Exercise description: With the pictures left out, write out exactly the lines of the listing below that run from the line with "6 ... c471a9c51c7" through the line with "Fashion Jackson Nordstrom".

Start of Data extract

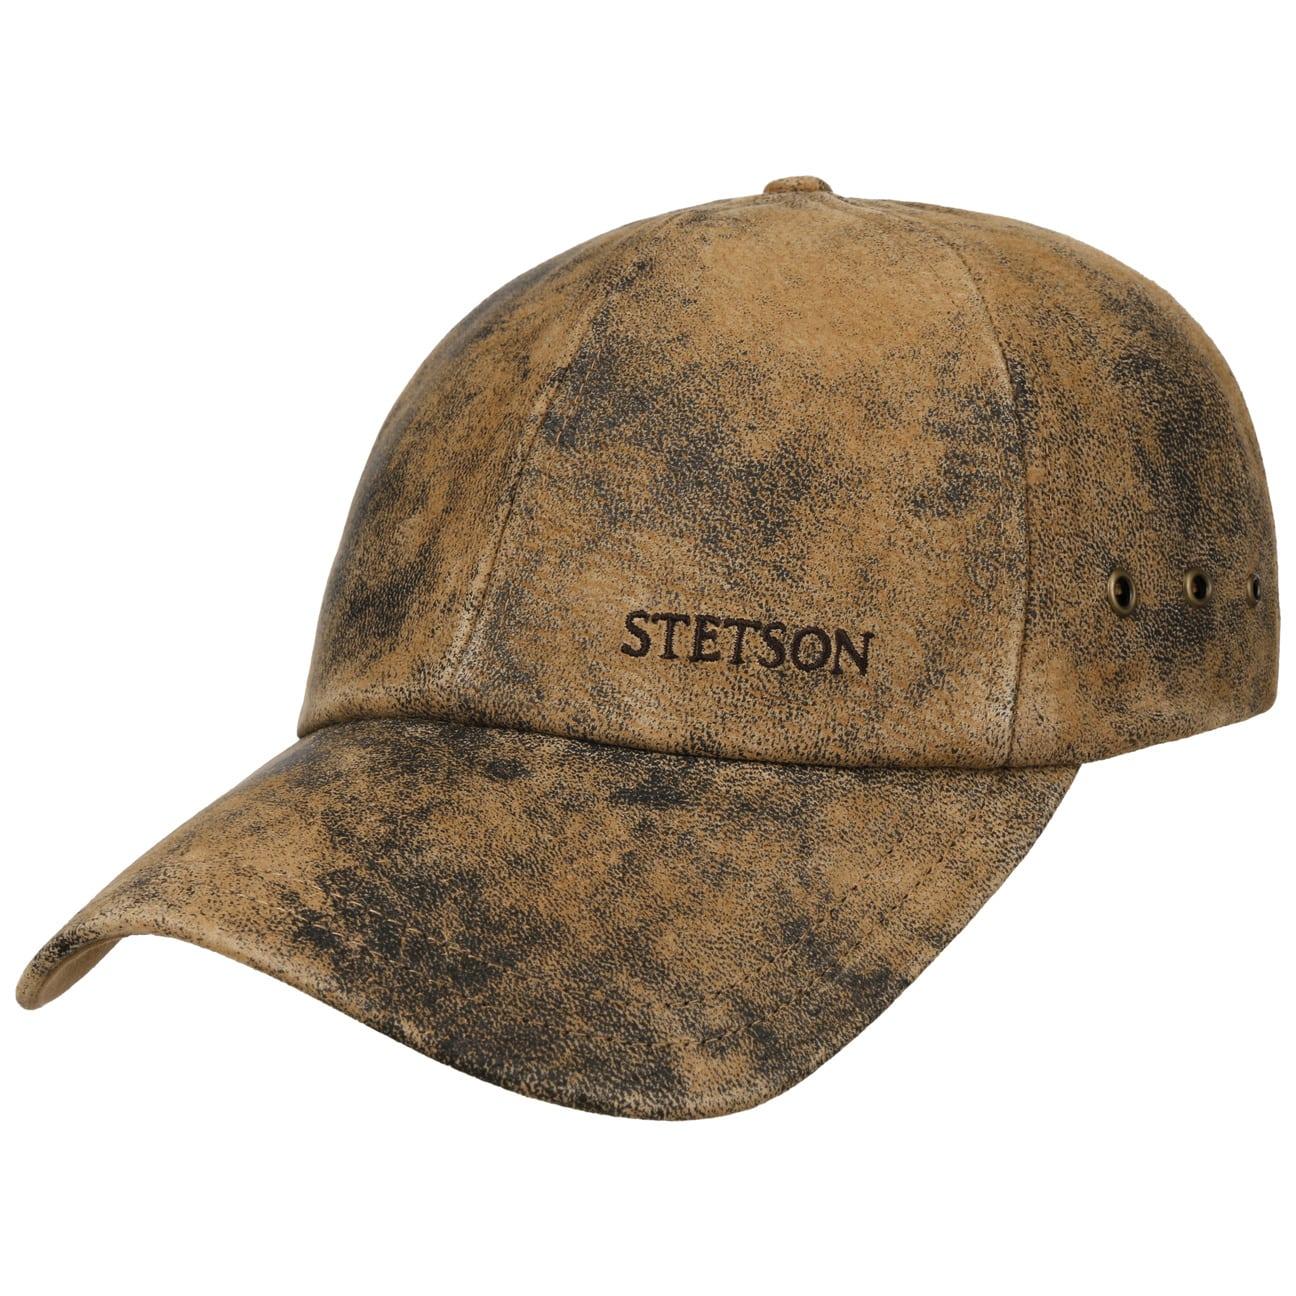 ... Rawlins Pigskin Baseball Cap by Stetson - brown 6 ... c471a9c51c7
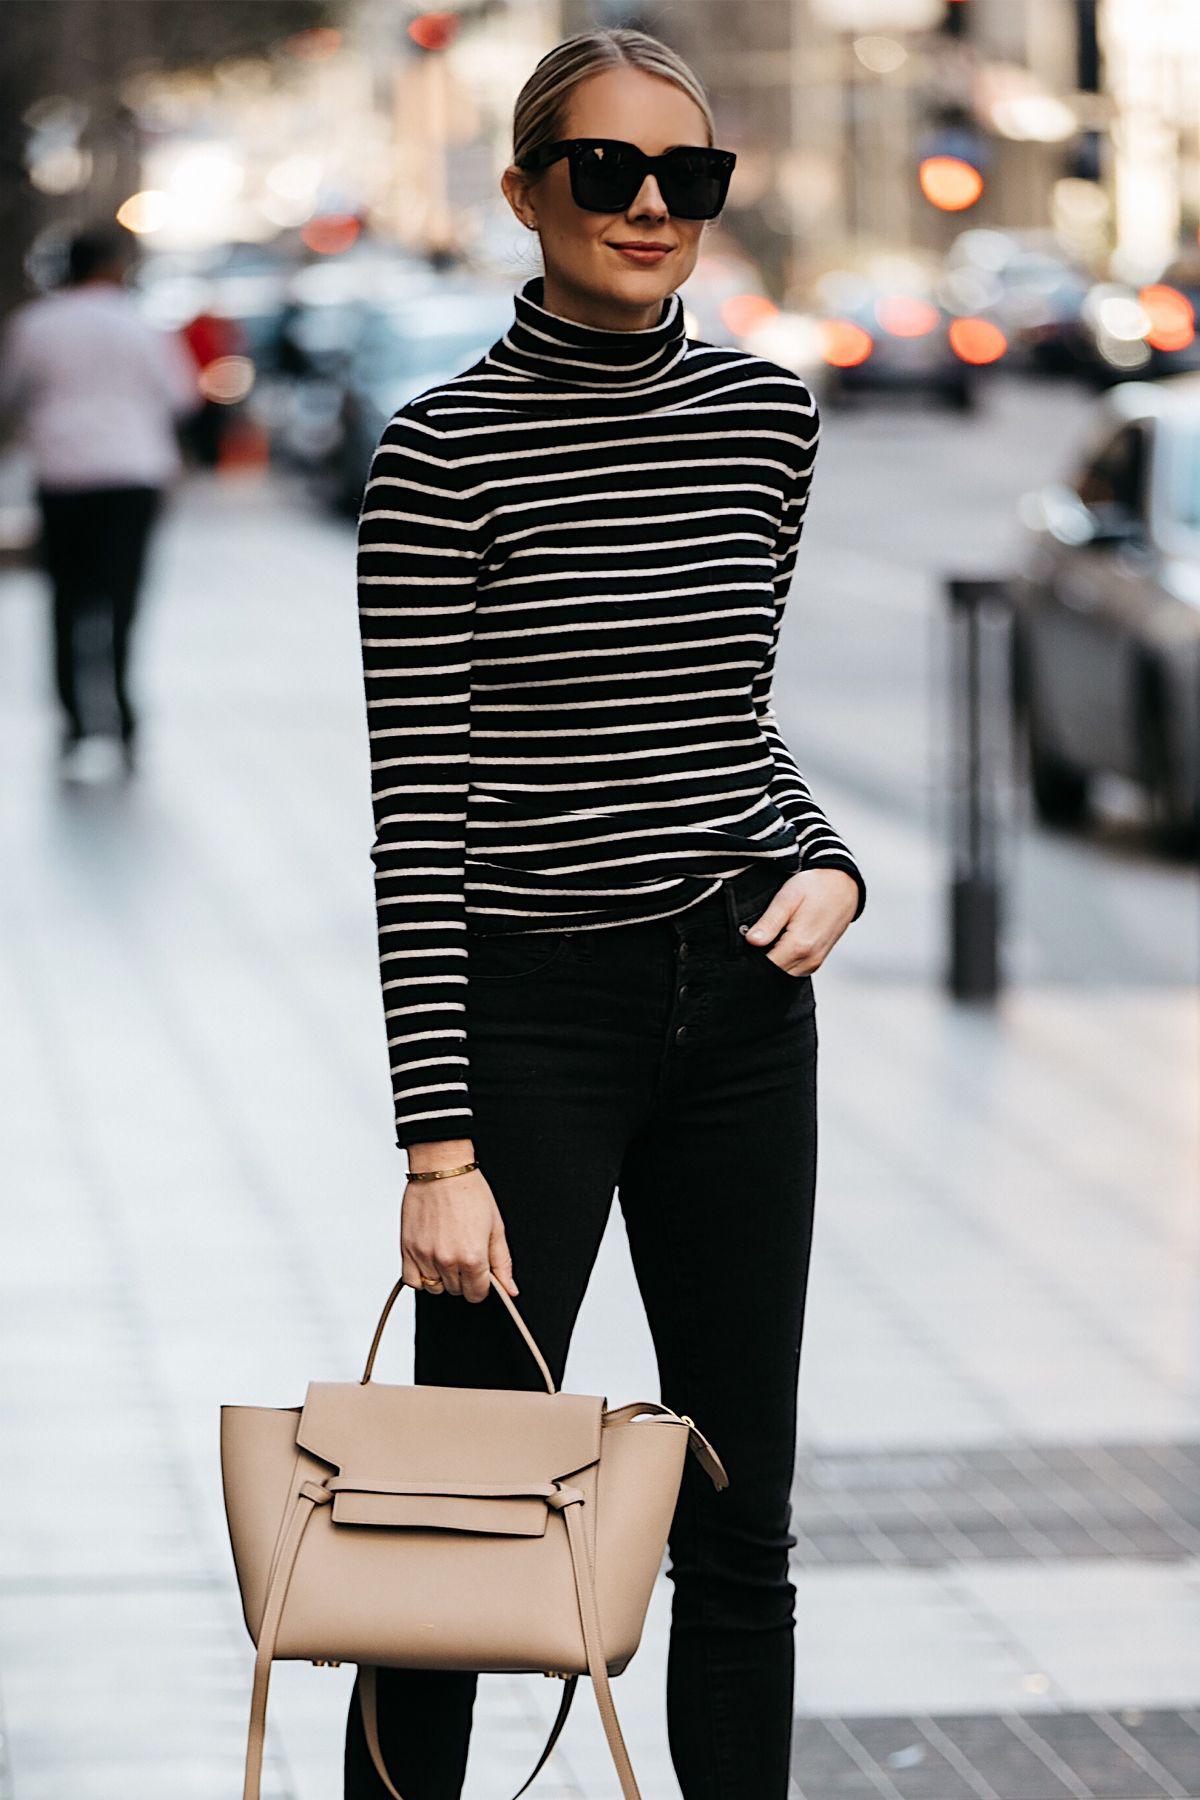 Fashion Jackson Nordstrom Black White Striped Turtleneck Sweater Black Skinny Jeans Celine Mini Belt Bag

End of Data extract
Start of Data extract

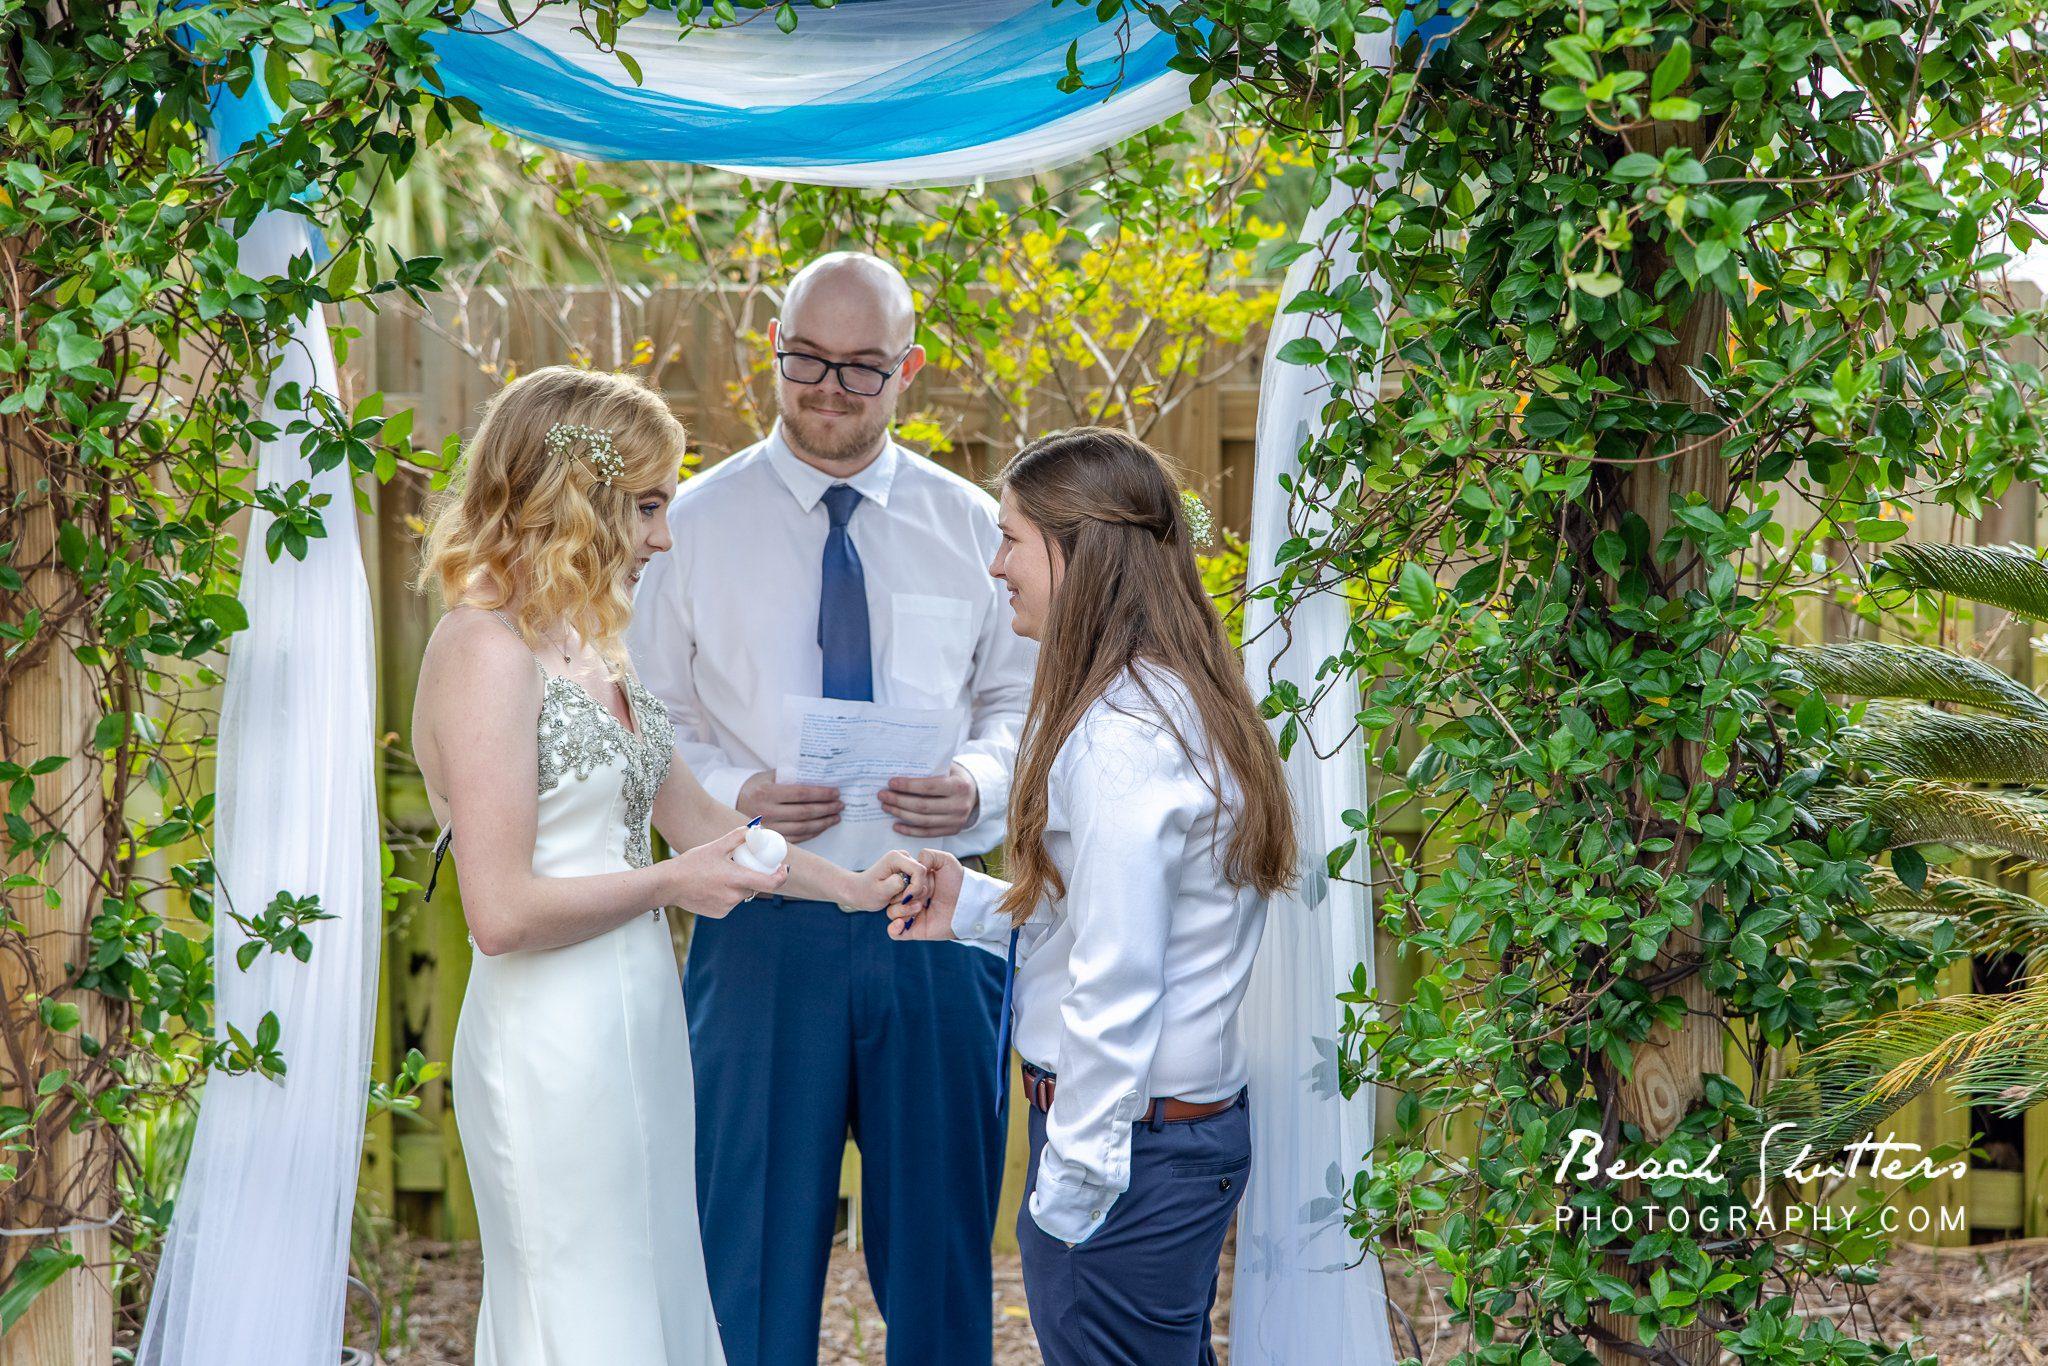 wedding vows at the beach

End of Data extract

Task answer:
 ... Rawlins Pigskin Baseball Cap by Stetson - brown 6 ... c471a9c51c7
 Fashion Jackson Nordstrom Black White Striped Turtleneck Sweater Black Skinny Jeans Celine Mini Belt Bag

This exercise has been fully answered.